Work to be completed: For the data that follows, print the line with "The Grinch Christmas", the line with "where can you visit stars hollow", and all lines between them, exactly as they stand. Omit pictures and add nothing.

Data provided:
————————

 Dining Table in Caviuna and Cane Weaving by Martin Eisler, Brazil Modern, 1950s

————————

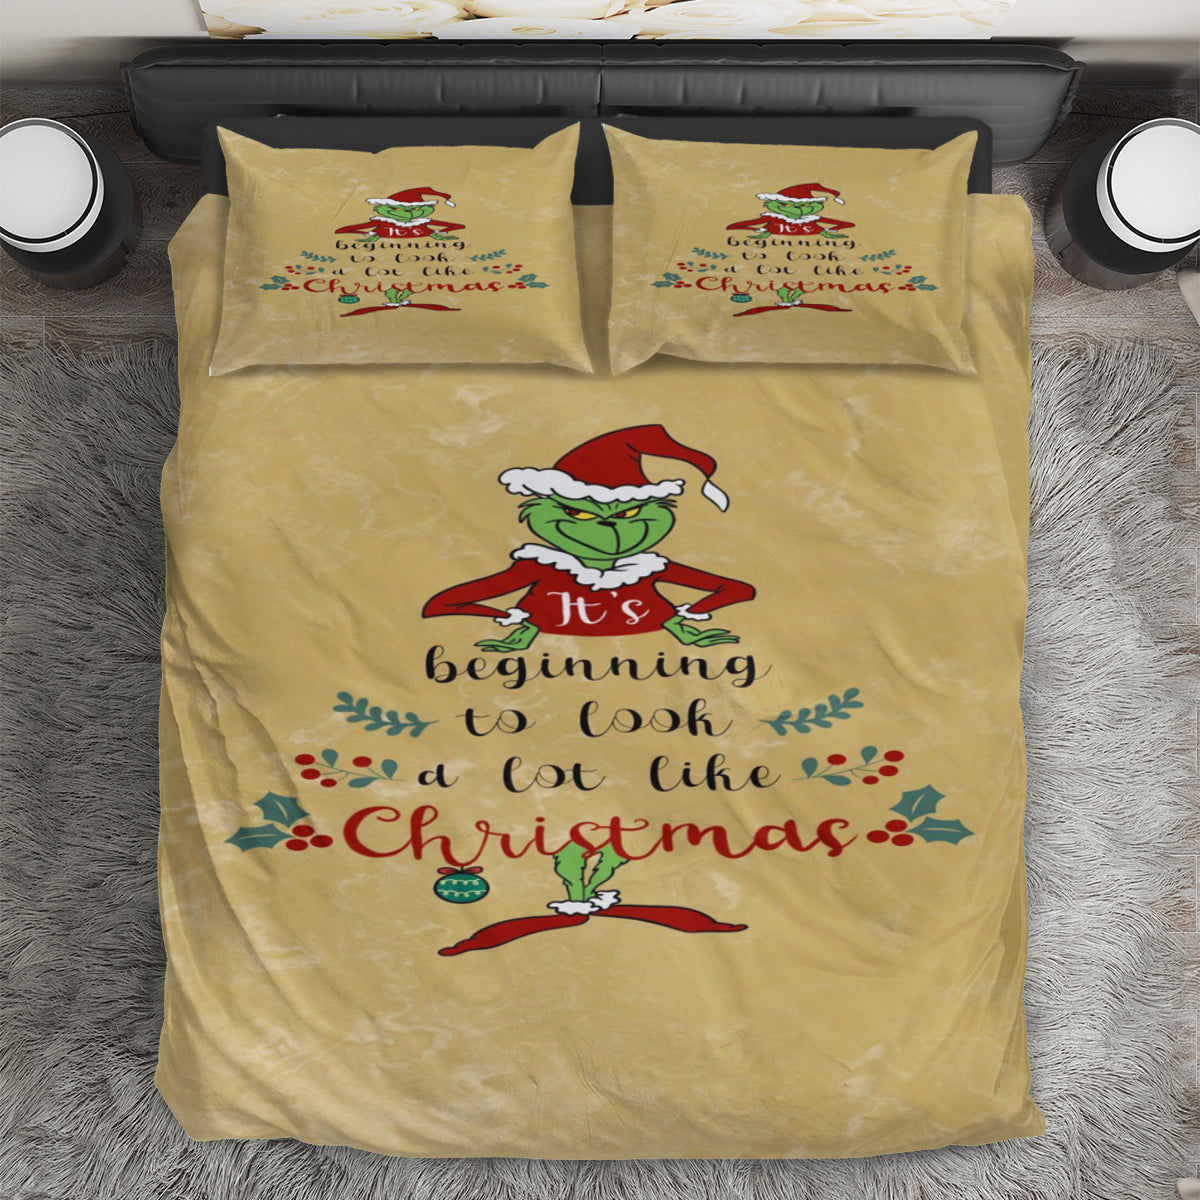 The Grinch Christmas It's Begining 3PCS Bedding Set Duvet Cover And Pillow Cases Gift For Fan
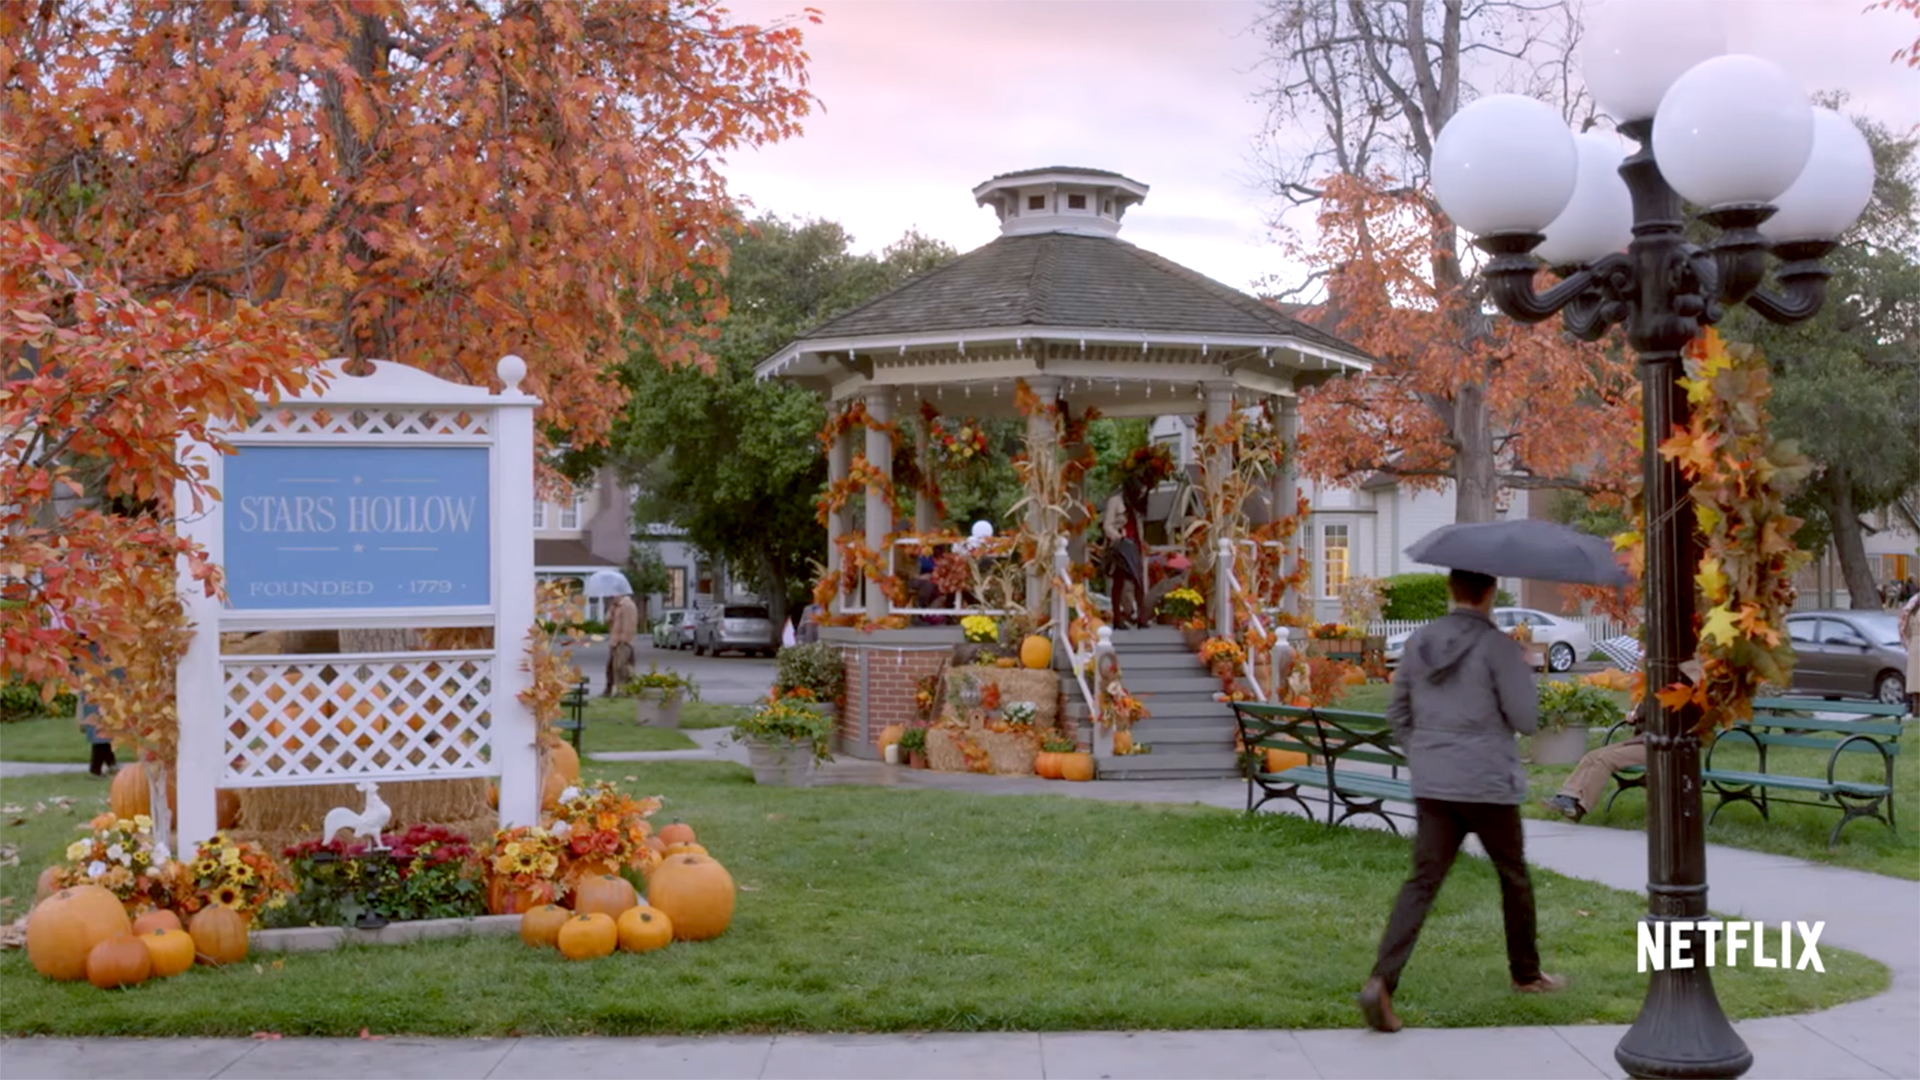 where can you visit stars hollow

————————

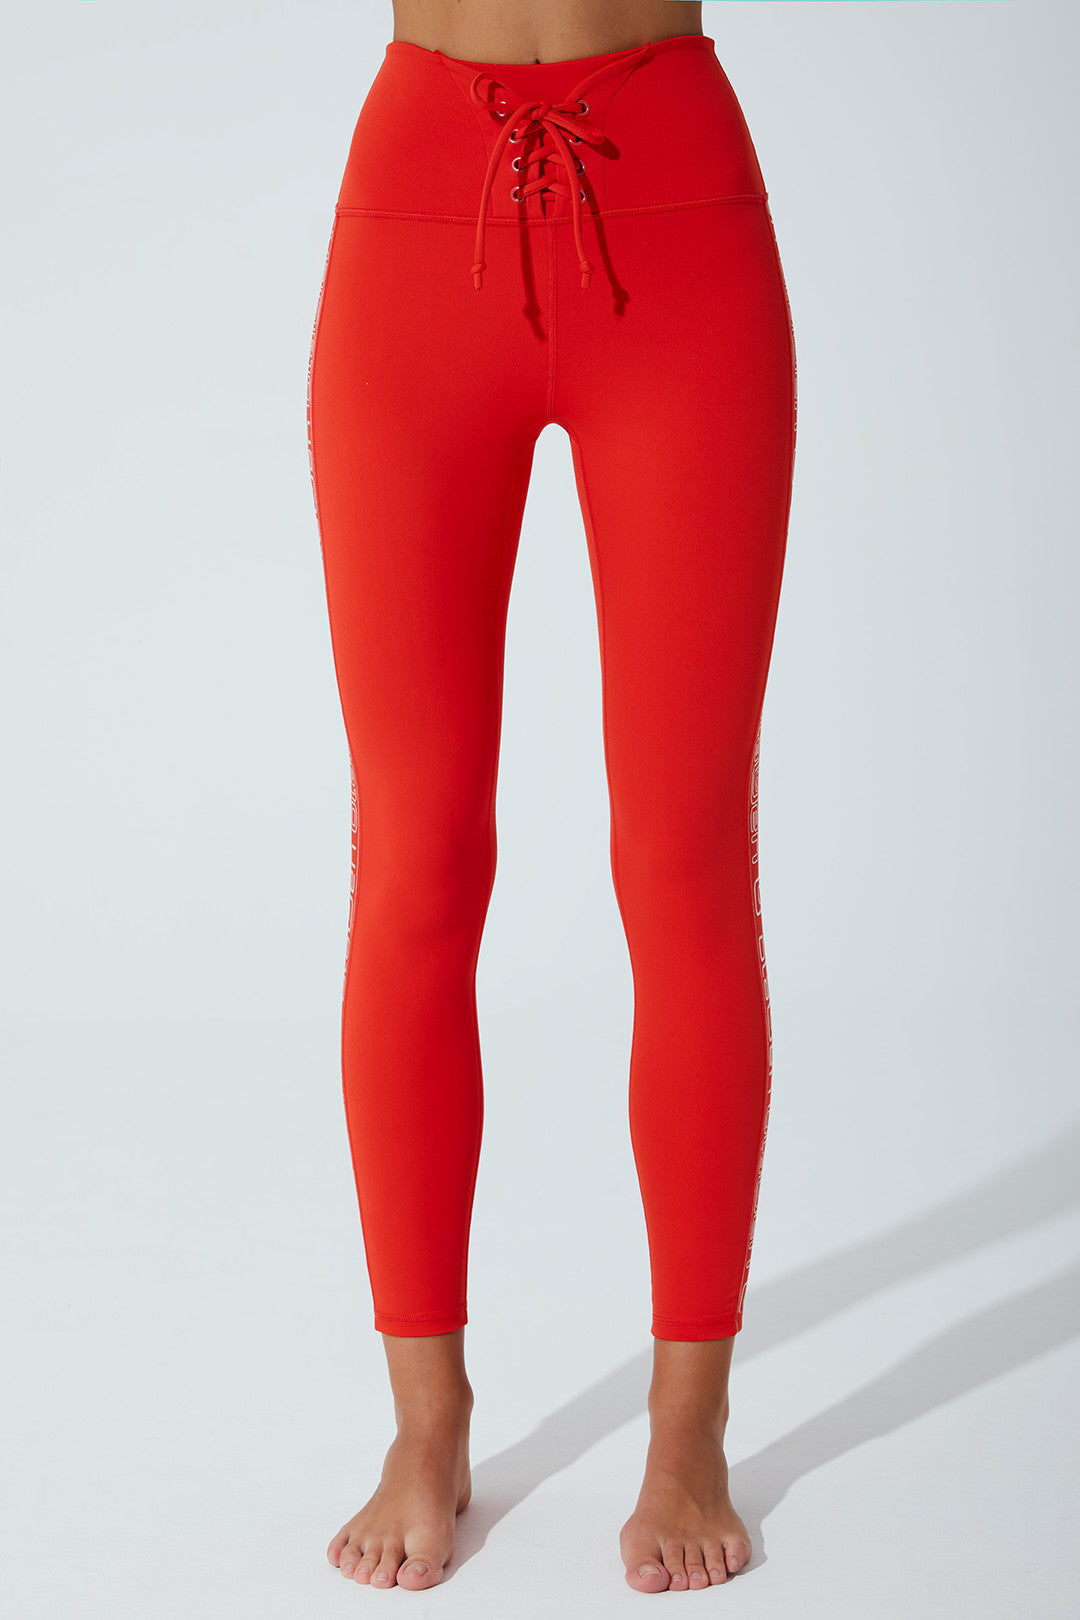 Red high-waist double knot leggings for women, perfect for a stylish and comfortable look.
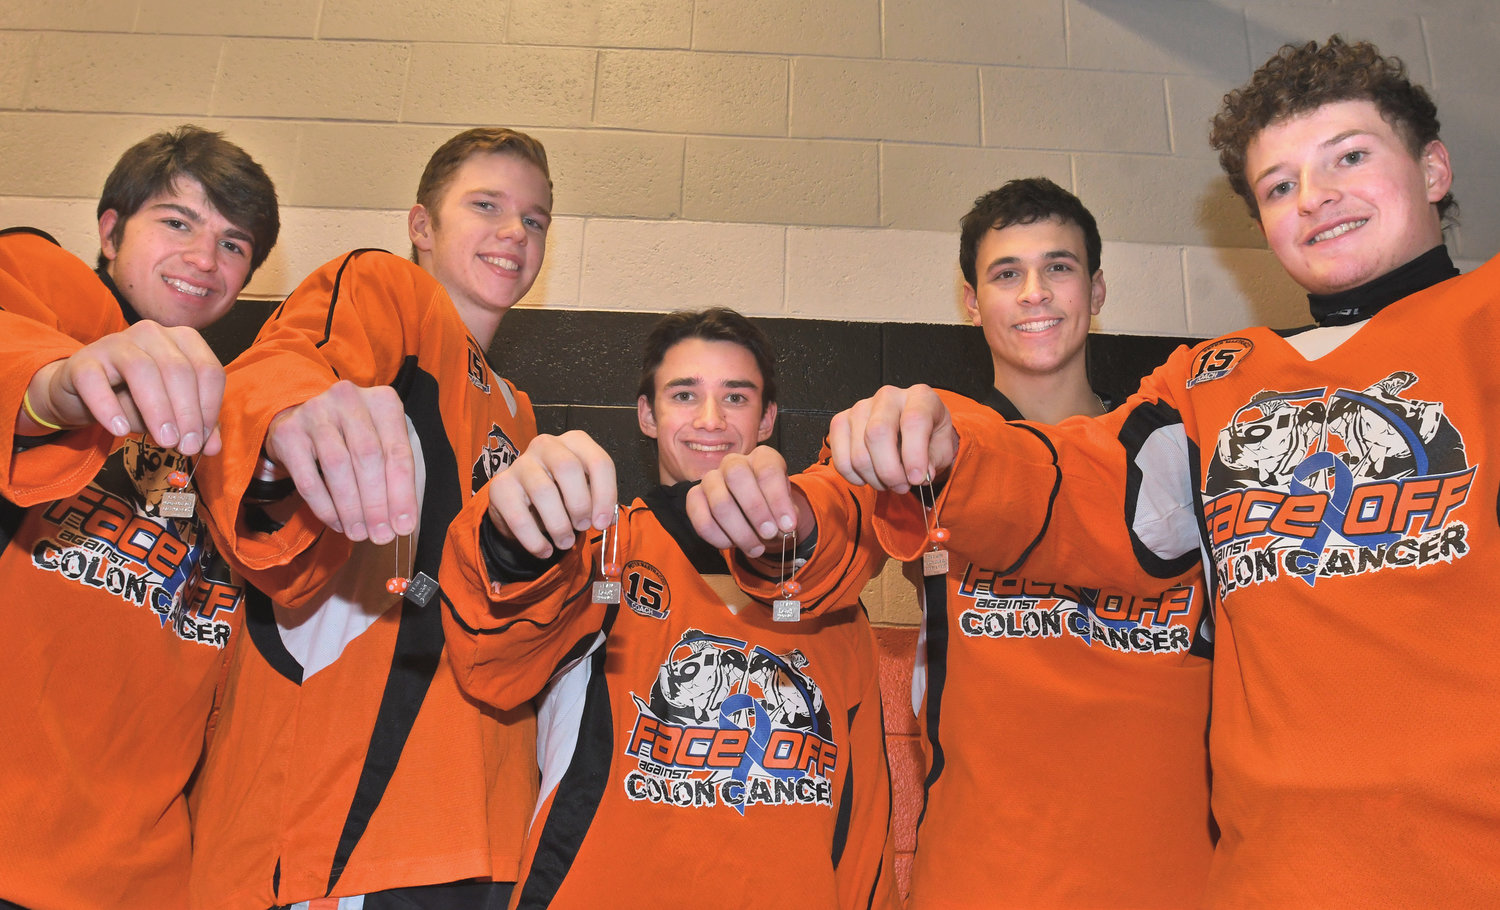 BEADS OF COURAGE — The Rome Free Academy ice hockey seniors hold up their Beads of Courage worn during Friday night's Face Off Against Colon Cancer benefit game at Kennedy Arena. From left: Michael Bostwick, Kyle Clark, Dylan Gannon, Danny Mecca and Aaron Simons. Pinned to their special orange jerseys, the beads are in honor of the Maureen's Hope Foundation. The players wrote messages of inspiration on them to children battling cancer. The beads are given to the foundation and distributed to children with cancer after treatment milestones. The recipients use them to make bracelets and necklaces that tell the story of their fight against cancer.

————————

Result of this exercise:
 The Grinch Christmas It's Begining 3PCS Bedding Set Duvet Cover And Pillow Cases Gift For Fan
 where can you visit stars hollow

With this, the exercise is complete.